## Description of the task
Please give back only the lines below from the one containing "xArm2.0 6 DOF" to the one containing "Comprehensive shipping network", each repeated word for word, both ends included.

[Listed entries — start]

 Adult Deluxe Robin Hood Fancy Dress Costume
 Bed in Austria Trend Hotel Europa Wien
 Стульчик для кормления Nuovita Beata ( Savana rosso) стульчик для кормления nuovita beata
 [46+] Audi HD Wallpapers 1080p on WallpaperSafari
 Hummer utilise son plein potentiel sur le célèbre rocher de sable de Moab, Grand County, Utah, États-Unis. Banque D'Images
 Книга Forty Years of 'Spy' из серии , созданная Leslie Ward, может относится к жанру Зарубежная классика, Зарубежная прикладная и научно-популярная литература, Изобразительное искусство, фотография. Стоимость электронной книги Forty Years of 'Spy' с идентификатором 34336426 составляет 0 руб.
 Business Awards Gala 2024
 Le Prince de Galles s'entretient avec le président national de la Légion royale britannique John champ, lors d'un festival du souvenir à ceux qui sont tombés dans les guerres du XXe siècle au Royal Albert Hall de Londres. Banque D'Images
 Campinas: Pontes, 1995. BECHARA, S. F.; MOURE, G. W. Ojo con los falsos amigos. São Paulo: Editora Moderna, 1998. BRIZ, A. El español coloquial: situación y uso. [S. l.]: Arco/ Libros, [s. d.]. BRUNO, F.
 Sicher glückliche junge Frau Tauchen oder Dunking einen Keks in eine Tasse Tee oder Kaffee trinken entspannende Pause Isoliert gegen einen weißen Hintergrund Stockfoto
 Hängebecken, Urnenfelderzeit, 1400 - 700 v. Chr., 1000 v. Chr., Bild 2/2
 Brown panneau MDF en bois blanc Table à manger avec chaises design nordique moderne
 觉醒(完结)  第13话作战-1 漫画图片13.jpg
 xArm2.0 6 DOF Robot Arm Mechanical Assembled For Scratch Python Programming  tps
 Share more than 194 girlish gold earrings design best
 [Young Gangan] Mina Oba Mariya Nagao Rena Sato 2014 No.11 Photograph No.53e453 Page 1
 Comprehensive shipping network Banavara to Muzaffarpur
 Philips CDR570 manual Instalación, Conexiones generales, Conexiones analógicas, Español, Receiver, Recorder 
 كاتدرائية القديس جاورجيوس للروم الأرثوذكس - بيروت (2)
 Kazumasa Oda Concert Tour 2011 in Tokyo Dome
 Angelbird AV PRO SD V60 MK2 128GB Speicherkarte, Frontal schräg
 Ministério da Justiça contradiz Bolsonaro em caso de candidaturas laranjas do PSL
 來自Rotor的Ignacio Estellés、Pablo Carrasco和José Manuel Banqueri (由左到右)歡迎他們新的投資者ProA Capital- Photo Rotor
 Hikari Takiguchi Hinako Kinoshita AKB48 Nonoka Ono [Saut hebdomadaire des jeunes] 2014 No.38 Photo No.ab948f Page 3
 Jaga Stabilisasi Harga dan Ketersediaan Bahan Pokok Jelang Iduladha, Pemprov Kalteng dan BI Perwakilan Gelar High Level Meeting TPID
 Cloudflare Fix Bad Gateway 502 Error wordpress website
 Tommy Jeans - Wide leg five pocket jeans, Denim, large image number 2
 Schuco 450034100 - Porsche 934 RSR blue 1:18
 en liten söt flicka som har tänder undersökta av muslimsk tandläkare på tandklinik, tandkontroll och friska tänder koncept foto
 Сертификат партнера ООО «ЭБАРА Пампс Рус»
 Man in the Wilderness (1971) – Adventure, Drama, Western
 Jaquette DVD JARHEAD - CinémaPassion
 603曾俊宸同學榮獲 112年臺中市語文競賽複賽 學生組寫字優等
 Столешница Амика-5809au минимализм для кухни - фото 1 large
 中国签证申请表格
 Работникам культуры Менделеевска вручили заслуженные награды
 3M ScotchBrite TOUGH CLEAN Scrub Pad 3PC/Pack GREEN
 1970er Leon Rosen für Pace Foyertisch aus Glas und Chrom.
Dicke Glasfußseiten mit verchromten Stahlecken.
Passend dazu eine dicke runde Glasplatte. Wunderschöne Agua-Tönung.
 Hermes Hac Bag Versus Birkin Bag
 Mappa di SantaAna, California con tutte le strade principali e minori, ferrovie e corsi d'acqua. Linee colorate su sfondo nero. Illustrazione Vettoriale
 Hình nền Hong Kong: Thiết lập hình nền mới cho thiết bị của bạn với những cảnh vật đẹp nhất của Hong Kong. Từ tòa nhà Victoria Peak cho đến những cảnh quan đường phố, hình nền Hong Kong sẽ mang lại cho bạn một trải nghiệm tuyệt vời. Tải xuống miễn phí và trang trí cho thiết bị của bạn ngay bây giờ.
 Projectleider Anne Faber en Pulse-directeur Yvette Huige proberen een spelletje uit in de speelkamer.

[Listed entries — finish]

## Answer to this problem
 xArm2.0 6 DOF Robot Arm Mechanical Assembled For Scratch Python Programming  tps
 Share more than 194 girlish gold earrings design best
 [Young Gangan] Mina Oba Mariya Nagao Rena Sato 2014 No.11 Photograph No.53e453 Page 1
 Comprehensive shipping network Banavara to Muzaffarpur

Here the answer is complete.